_Problem to work on_
The stretch from the line with "Solution:0.02112 as a fraction is 66/3125" through the line with "Figure 14.1. Equilibria" in the records below: write it out exactly, and nothing else.

** Records shown follows **

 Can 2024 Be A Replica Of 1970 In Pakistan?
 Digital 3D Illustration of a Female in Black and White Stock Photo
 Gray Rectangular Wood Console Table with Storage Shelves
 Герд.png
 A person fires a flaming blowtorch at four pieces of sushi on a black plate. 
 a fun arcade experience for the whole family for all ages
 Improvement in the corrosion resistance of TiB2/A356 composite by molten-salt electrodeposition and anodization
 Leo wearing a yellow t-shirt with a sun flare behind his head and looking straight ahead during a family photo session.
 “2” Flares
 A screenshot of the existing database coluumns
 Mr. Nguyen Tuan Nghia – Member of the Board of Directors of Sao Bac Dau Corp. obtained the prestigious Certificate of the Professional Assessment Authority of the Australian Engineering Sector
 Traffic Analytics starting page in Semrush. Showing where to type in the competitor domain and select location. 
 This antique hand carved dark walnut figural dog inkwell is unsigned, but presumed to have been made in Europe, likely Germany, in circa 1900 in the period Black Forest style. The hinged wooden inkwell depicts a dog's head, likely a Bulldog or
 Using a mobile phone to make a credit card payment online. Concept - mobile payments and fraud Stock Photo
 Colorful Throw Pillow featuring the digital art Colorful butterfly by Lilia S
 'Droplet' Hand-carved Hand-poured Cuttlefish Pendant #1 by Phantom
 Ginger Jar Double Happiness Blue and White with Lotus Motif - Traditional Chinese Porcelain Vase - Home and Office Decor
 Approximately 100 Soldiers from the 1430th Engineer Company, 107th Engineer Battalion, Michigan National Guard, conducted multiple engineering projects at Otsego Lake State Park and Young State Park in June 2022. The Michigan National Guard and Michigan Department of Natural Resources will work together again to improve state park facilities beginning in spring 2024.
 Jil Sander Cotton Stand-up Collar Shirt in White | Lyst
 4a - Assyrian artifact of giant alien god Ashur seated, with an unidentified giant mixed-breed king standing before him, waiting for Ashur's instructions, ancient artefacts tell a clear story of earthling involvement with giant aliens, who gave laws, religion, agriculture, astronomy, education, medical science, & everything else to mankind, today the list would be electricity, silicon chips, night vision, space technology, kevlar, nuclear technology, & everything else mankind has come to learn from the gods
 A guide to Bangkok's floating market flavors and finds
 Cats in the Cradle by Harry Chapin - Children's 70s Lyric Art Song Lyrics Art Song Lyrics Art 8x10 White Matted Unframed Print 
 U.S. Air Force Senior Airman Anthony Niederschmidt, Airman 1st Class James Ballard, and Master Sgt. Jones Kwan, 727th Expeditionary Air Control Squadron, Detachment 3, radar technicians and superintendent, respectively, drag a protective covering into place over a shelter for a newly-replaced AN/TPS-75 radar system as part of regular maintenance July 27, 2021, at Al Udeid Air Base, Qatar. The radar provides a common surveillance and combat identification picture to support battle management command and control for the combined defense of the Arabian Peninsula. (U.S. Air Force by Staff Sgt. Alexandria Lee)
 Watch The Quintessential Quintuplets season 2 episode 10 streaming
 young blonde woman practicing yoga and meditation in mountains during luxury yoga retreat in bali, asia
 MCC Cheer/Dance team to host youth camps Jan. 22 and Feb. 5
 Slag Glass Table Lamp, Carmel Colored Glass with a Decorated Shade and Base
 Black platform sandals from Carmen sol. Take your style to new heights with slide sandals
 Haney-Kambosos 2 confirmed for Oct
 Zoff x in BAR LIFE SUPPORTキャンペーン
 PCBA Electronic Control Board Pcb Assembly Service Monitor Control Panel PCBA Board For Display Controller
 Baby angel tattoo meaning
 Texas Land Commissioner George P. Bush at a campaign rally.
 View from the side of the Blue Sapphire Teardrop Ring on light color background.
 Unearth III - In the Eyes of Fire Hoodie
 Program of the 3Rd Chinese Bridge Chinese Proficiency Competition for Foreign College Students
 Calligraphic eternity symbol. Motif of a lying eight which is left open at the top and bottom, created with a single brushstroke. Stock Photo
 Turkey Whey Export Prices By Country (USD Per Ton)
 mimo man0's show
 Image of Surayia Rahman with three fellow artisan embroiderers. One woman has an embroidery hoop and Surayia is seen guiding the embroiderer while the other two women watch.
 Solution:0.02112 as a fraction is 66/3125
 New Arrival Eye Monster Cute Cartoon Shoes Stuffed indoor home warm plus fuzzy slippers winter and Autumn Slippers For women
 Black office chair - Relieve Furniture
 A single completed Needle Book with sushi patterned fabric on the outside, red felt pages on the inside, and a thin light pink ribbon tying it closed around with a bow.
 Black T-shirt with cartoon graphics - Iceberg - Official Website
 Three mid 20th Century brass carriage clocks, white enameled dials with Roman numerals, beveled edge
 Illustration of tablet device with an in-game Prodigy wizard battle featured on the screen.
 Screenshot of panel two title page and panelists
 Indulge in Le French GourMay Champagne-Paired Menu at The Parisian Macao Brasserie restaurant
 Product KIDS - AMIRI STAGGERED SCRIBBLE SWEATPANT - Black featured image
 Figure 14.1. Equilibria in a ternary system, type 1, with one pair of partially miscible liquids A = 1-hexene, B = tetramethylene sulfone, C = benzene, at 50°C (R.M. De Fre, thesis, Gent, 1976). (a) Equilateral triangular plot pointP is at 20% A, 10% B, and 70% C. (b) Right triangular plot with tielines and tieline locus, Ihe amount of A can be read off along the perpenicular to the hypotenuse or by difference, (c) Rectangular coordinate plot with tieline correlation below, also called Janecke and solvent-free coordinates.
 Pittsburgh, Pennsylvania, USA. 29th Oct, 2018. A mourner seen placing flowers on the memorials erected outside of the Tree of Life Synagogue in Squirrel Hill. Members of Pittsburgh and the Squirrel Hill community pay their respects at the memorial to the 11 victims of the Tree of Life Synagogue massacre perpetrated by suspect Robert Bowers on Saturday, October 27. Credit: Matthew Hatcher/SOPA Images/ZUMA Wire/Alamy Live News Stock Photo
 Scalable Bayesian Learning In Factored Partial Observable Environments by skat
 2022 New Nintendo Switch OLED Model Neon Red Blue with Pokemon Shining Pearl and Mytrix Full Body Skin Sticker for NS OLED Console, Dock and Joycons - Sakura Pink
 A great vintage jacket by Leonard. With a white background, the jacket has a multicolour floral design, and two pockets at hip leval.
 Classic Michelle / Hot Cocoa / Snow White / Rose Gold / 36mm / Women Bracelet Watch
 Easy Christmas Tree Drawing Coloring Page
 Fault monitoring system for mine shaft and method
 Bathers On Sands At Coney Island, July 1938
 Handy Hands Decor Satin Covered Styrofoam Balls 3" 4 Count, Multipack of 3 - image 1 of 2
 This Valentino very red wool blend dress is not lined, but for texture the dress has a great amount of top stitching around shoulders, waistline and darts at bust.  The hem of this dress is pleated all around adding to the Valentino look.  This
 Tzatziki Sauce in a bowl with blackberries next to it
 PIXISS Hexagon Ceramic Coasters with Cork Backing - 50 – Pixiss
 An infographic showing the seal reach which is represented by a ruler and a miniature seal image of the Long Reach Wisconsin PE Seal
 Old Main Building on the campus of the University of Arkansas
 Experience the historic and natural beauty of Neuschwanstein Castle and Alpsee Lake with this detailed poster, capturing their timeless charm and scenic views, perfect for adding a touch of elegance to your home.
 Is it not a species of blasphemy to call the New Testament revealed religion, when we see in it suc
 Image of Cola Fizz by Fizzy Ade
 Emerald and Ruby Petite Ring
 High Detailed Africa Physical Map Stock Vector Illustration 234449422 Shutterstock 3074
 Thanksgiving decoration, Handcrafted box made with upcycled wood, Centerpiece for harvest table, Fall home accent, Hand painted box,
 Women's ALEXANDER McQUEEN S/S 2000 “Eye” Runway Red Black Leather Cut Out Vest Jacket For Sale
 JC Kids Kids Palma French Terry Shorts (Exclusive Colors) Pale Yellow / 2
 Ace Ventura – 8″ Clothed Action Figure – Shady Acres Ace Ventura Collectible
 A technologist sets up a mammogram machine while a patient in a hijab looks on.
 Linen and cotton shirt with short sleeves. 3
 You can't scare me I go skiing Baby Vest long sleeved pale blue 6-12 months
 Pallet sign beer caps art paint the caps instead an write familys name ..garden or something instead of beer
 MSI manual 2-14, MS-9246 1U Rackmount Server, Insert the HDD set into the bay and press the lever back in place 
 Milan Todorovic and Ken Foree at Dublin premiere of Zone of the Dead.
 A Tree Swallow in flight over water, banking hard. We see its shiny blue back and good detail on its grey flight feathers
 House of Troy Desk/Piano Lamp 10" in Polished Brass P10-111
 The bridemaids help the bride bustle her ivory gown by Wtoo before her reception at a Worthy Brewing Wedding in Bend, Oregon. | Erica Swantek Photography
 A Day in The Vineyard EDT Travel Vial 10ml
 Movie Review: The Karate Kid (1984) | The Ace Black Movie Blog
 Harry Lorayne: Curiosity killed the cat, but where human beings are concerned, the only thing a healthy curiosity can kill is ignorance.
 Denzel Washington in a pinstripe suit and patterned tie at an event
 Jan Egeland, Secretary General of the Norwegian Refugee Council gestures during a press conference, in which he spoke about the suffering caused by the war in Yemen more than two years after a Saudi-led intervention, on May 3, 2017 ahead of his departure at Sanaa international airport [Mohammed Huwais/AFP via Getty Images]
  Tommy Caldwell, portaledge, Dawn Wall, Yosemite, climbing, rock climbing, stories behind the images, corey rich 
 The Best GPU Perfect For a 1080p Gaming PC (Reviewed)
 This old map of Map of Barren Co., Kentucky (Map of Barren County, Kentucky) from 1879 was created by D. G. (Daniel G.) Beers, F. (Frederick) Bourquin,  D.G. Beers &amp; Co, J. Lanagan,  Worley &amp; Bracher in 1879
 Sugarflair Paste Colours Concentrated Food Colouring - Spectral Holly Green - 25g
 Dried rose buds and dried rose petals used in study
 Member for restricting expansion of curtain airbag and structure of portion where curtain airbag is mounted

** End of Records shown **

_Reply to the exercise_
 Solution:0.02112 as a fraction is 66/3125
 New Arrival Eye Monster Cute Cartoon Shoes Stuffed indoor home warm plus fuzzy slippers winter and Autumn Slippers For women
 Black office chair - Relieve Furniture
 A single completed Needle Book with sushi patterned fabric on the outside, red felt pages on the inside, and a thin light pink ribbon tying it closed around with a bow.
 Black T-shirt with cartoon graphics - Iceberg - Official Website
 Three mid 20th Century brass carriage clocks, white enameled dials with Roman numerals, beveled edge
 Illustration of tablet device with an in-game Prodigy wizard battle featured on the screen.
 Screenshot of panel two title page and panelists
 Indulge in Le French GourMay Champagne-Paired Menu at The Parisian Macao Brasserie restaurant
 Product KIDS - AMIRI STAGGERED SCRIBBLE SWEATPANT - Black featured image
 Figure 14.1. Equilibria in a ternary system, type 1, with one pair of partially miscible liquids A = 1-hexene, B = tetramethylene sulfone, C = benzene, at 50°C (R.M. De Fre, thesis, Gent, 1976). (a) Equilateral triangular plot pointP is at 20% A, 10% B, and 70% C. (b) Right triangular plot with tielines and tieline locus, Ihe amount of A can be read off along the perpenicular to the hypotenuse or by difference, (c) Rectangular coordinate plot with tieline correlation below, also called Janecke and solvent-free coordinates.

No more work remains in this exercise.